• [RECORDS FOR THIS EXERCISE]:
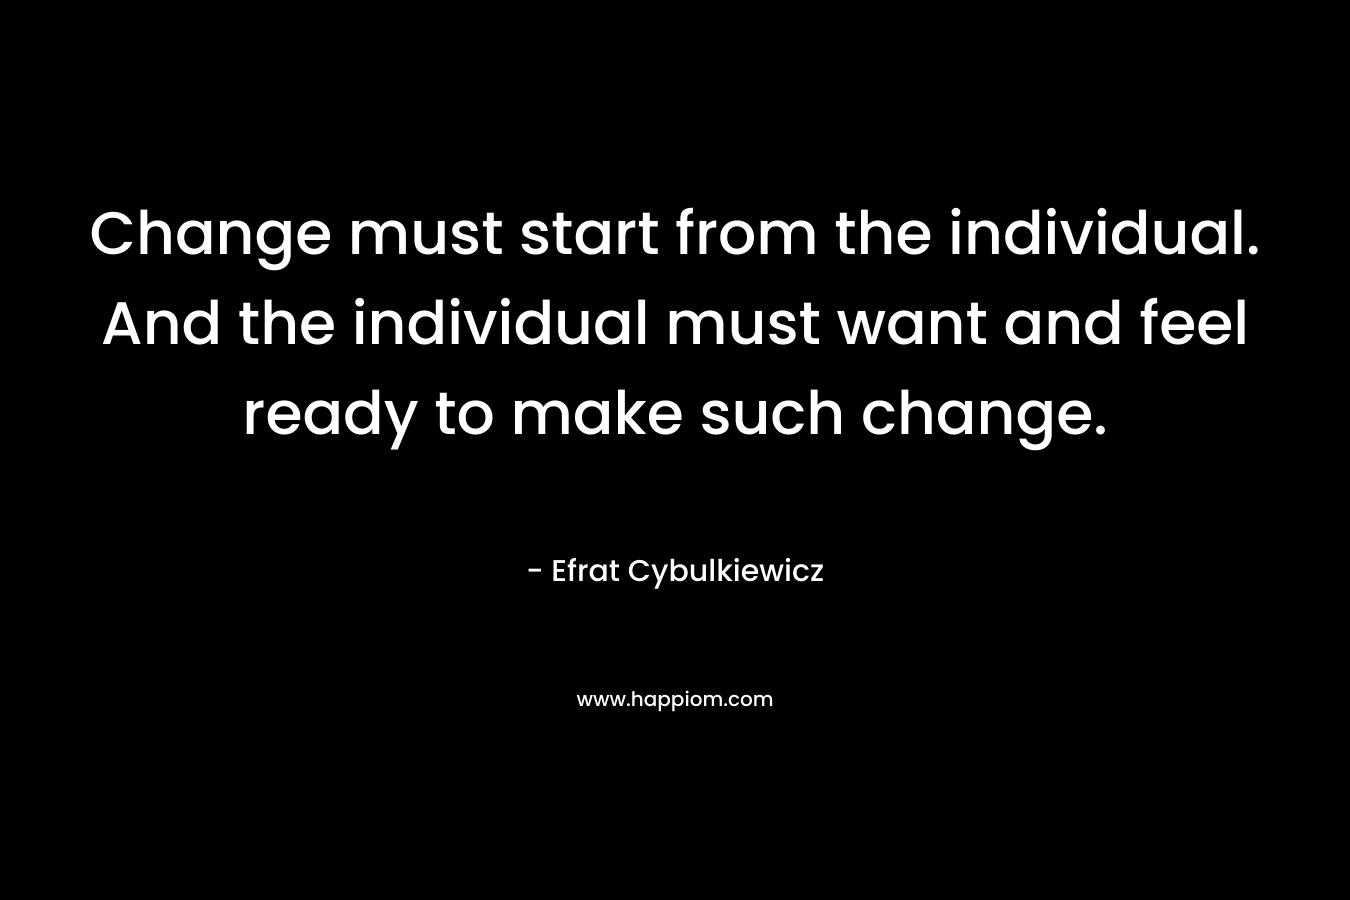 Change must start from the individual. And the individual must want and feel ready to make such change.
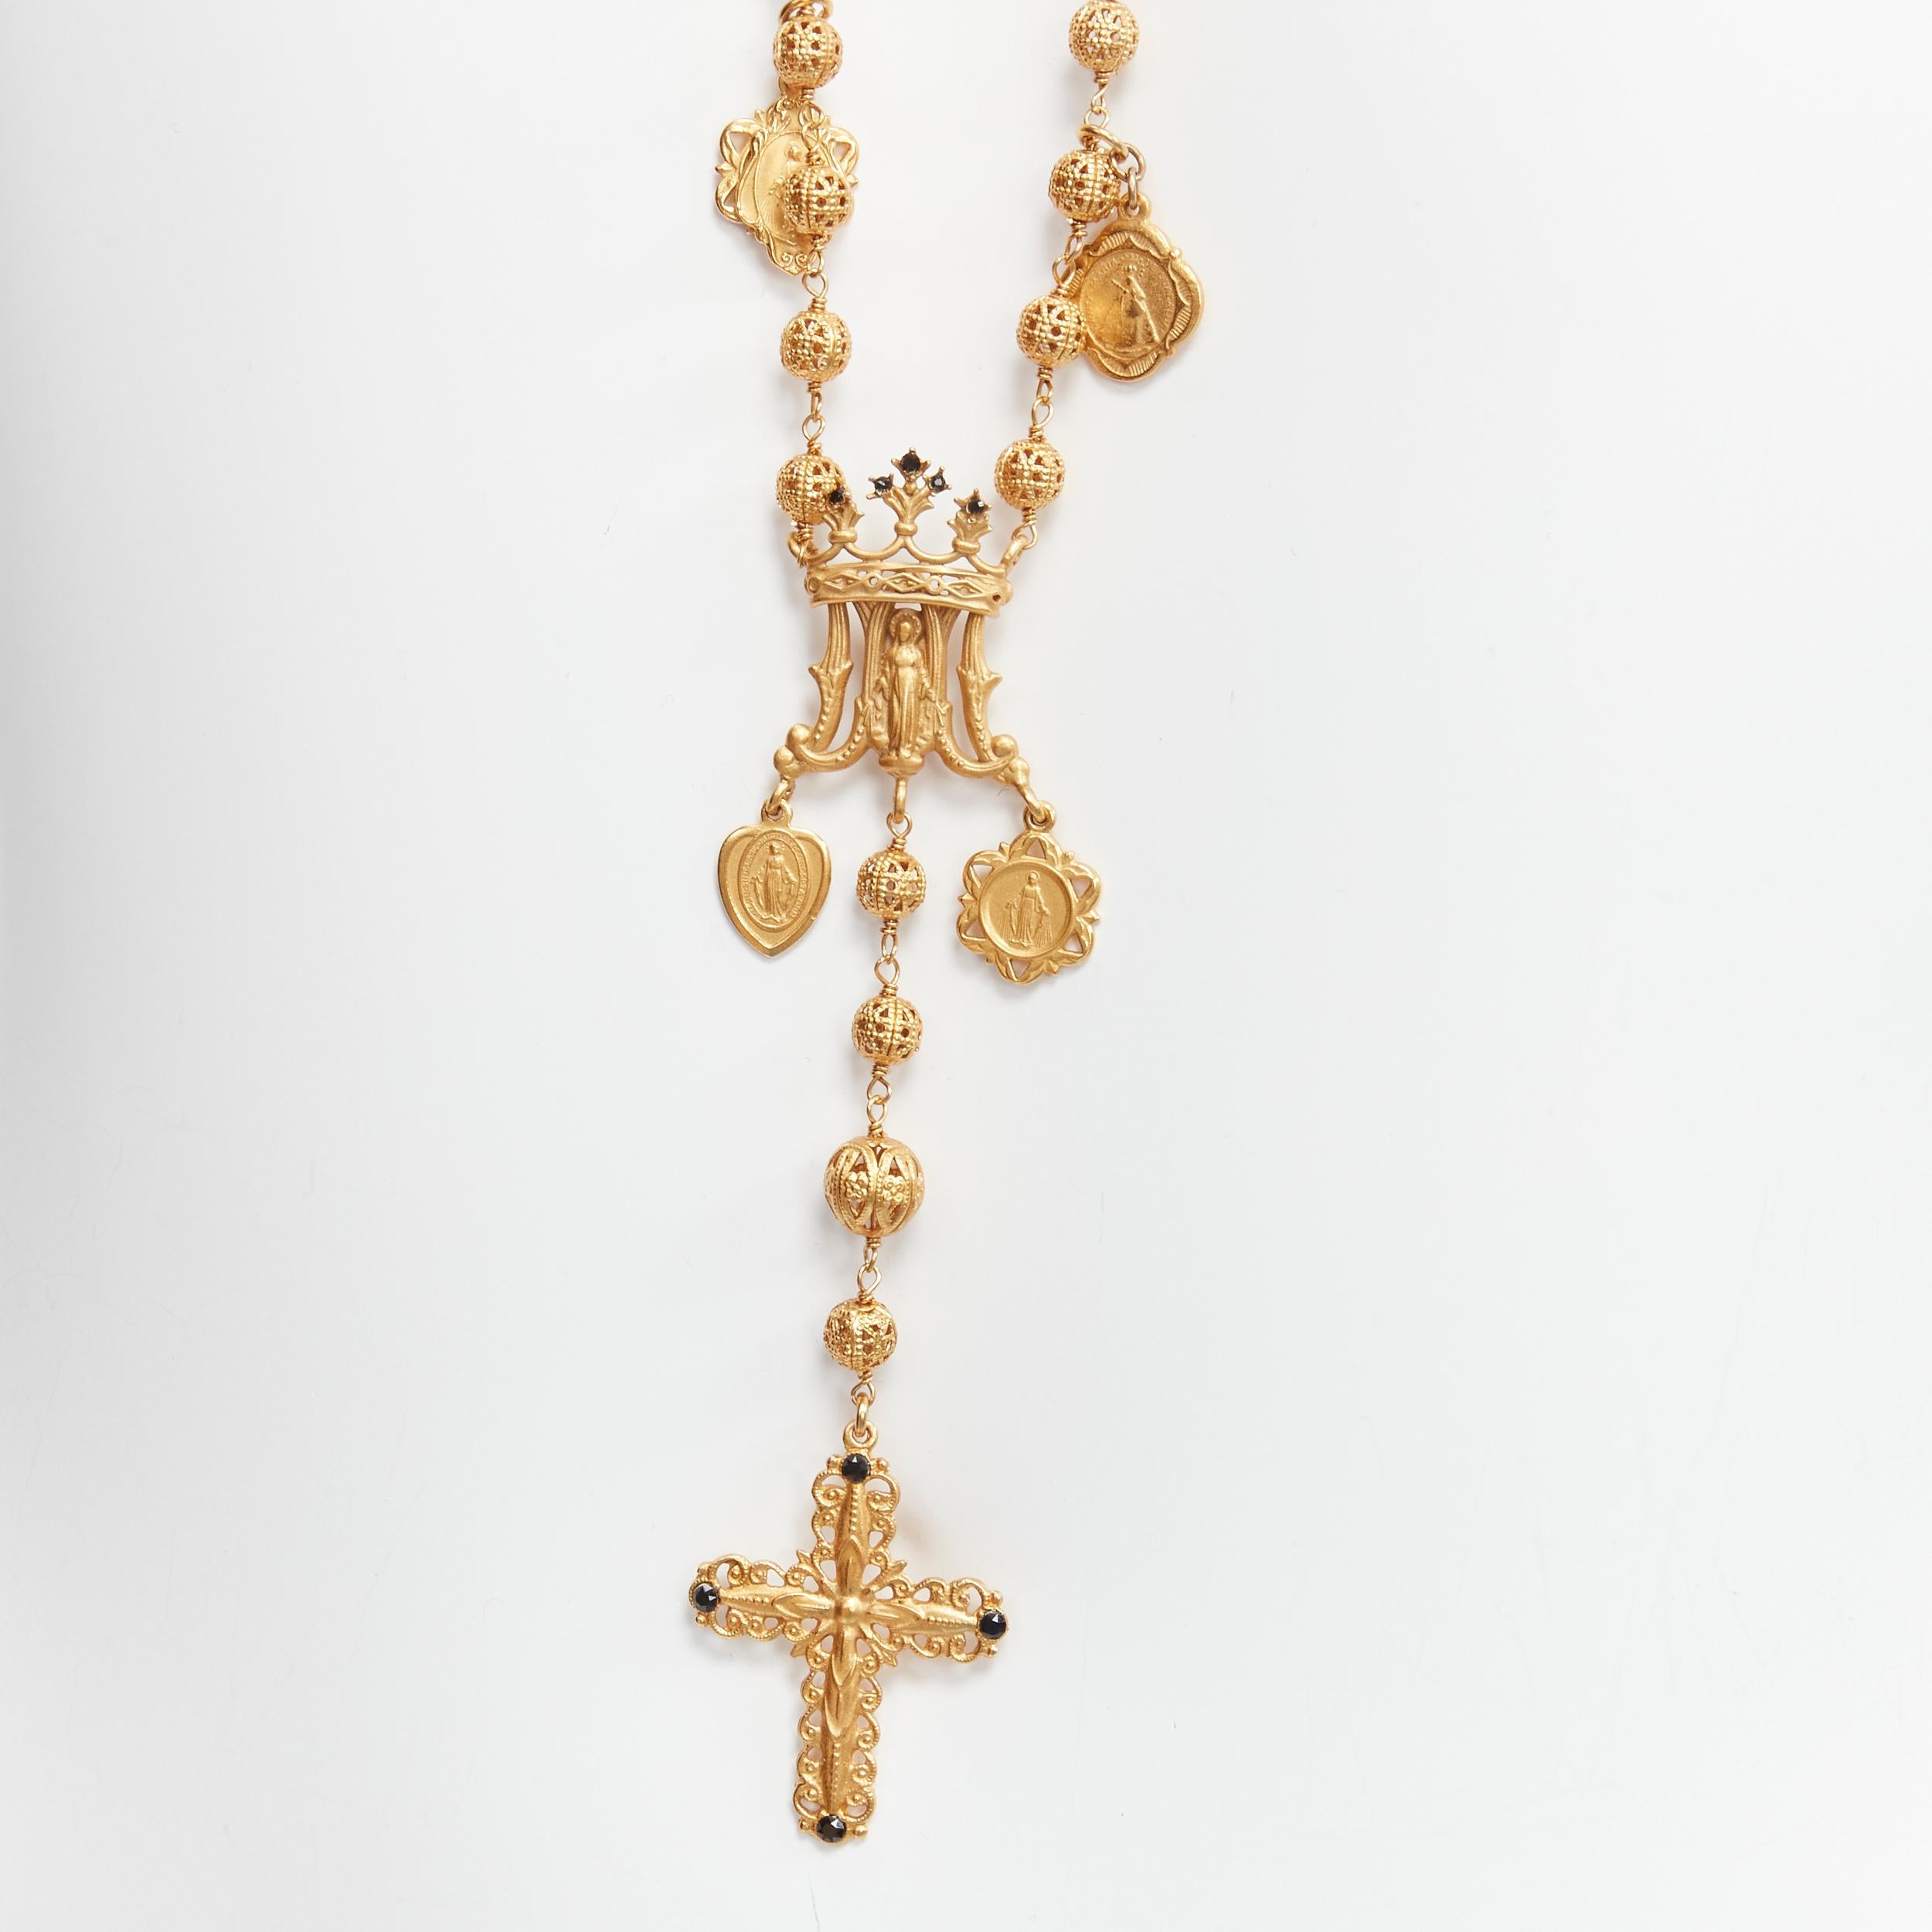 rare DOLCE GABBANA gold tone Jesus cross Saints coin charm long rosary necklace
Reference: TGAS/D00183
Brand: Dolce Gabbana
Designer: Domenico Dolce and Stefano Gabbana
Material: Metal
Color: Gold
Pattern: Barocco
Closure: Pull On
Made in:
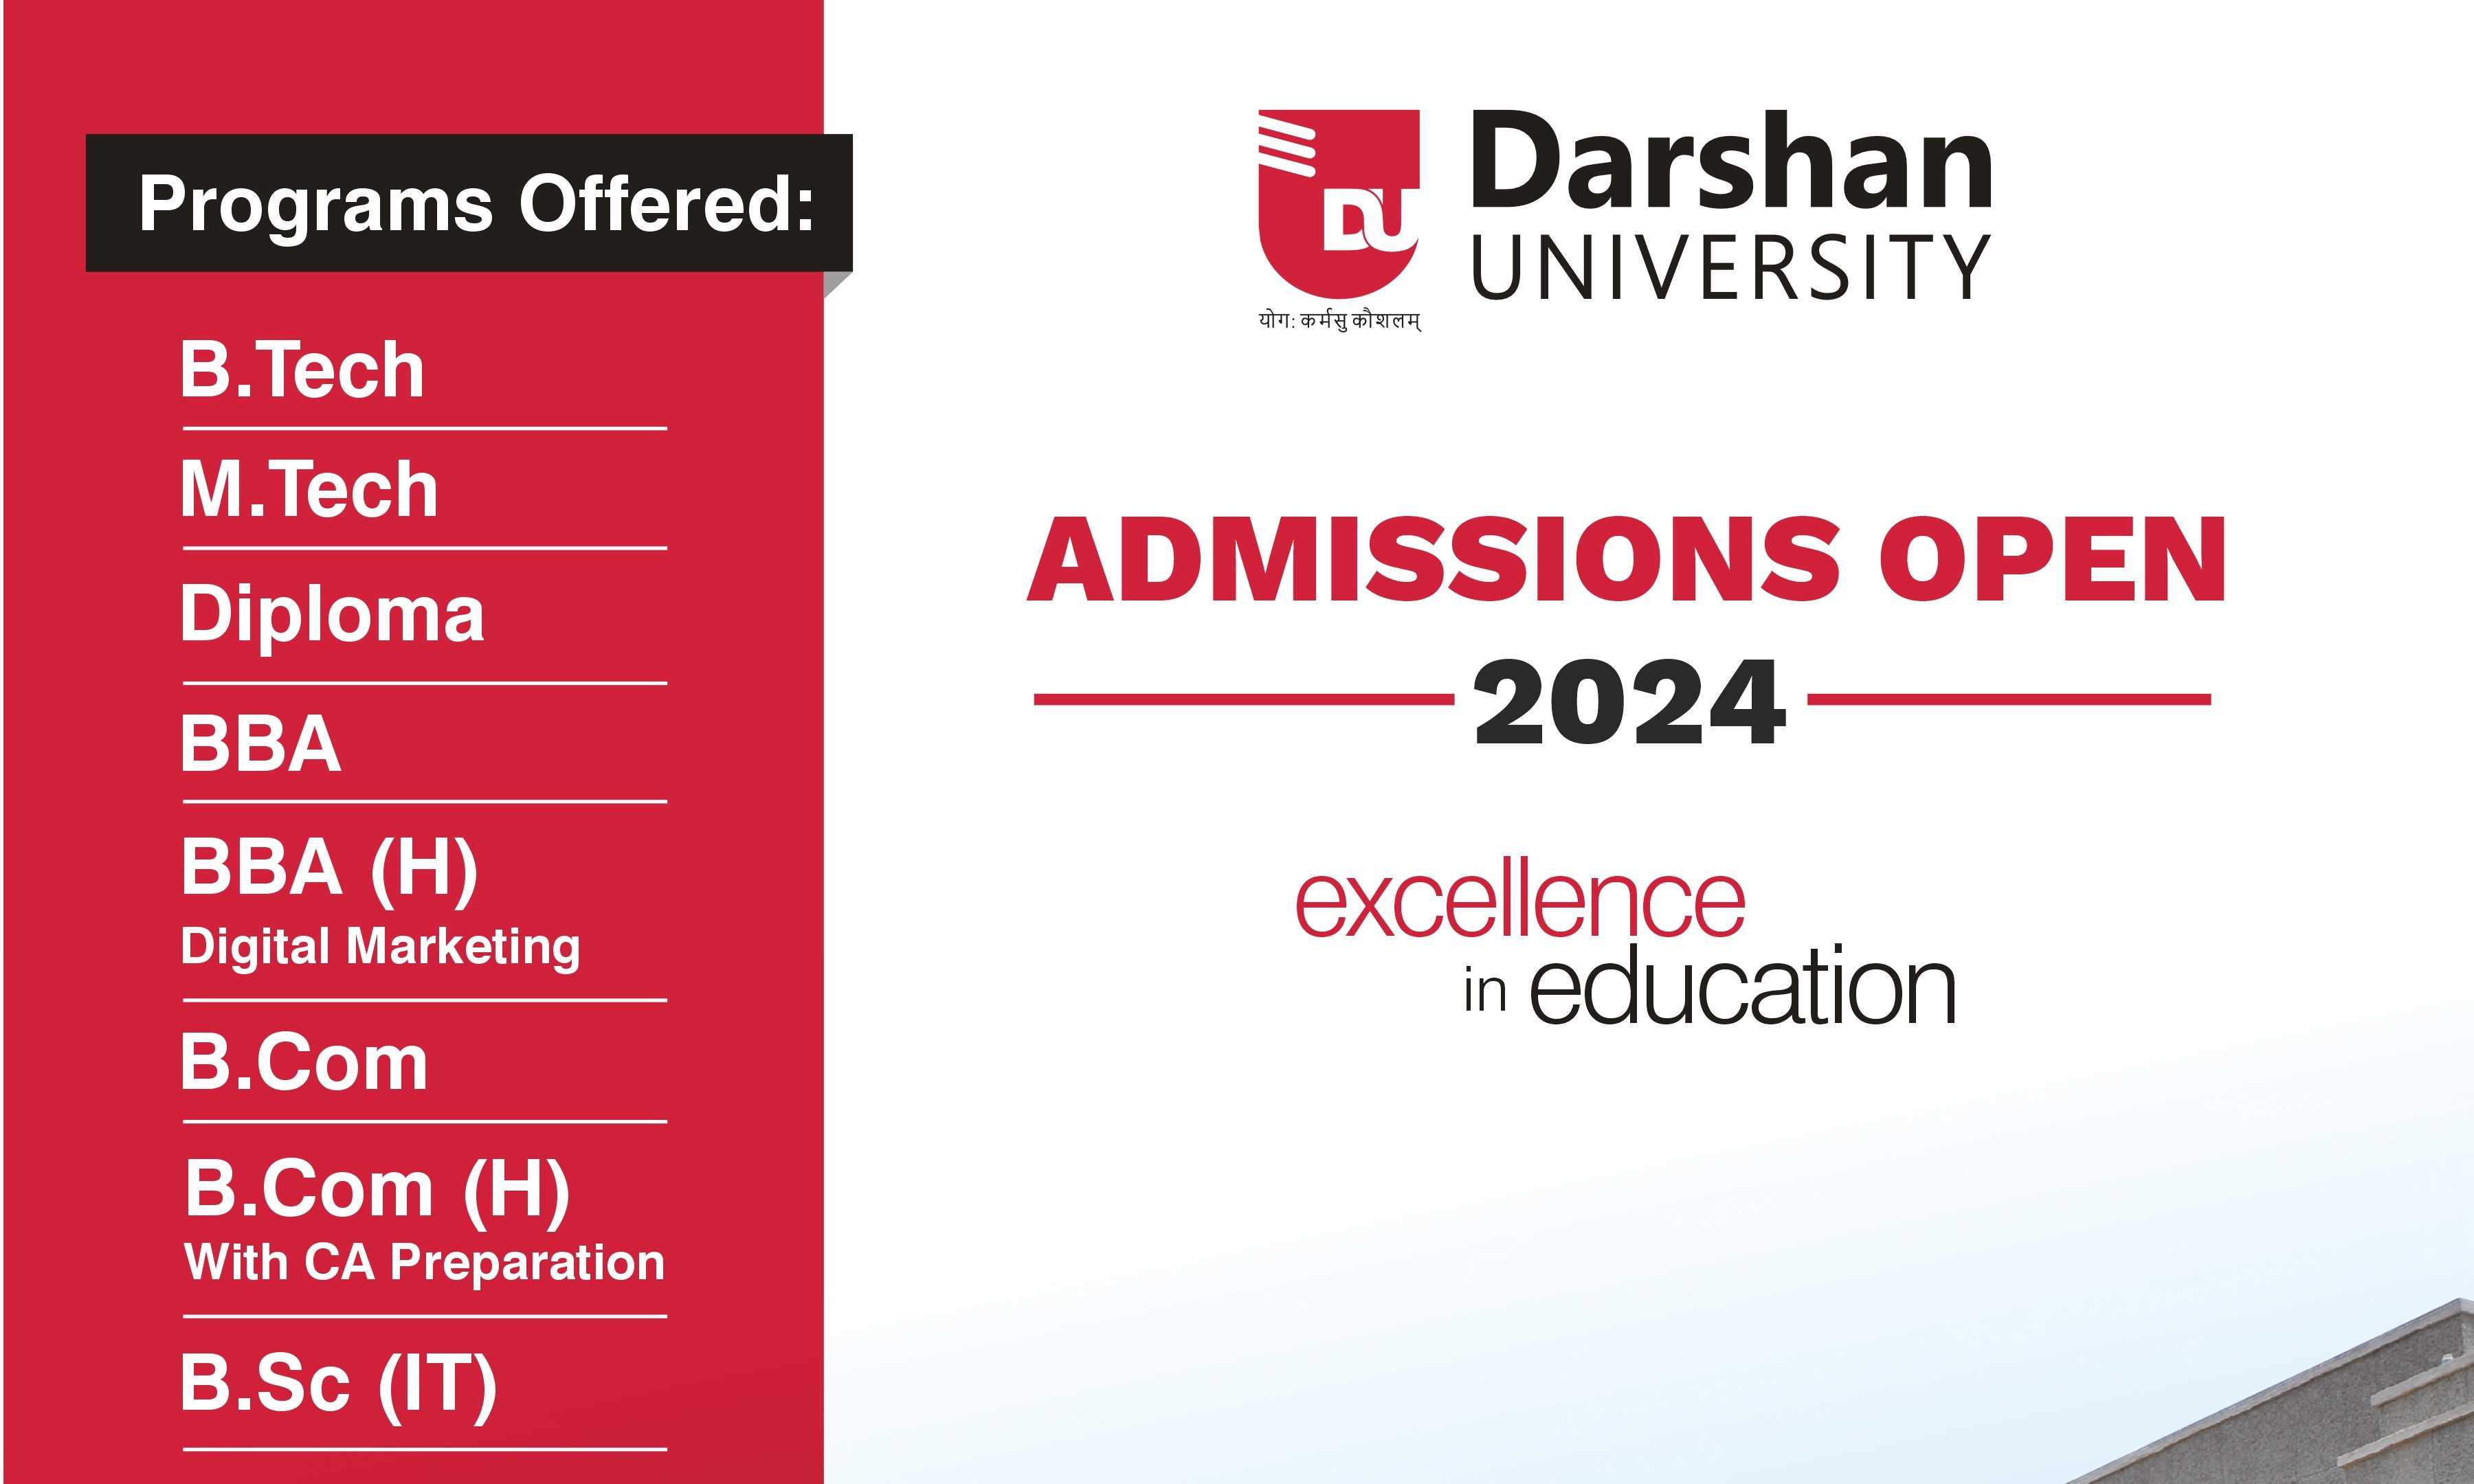 Admissions are Open at Darshan University!

• [AIM OF THE TASK]:
Every entry above needs to be copied exactly, apart from its pictures.

• [REPLY TO THE EXERCISE]:
 Change must start from the individual. And the individual must want and feel ready to make such change.
 rare DOLCE GABBANA gold tone Jesus cross Saints coin charm long rosary necklace
Reference: TGAS/D00183
Brand: Dolce Gabbana
Designer: Domenico Dolce and Stefano Gabbana
Material: Metal
Color: Gold
Pattern: Barocco
Closure: Pull On
Made in:
 Admissions are Open at Darshan University!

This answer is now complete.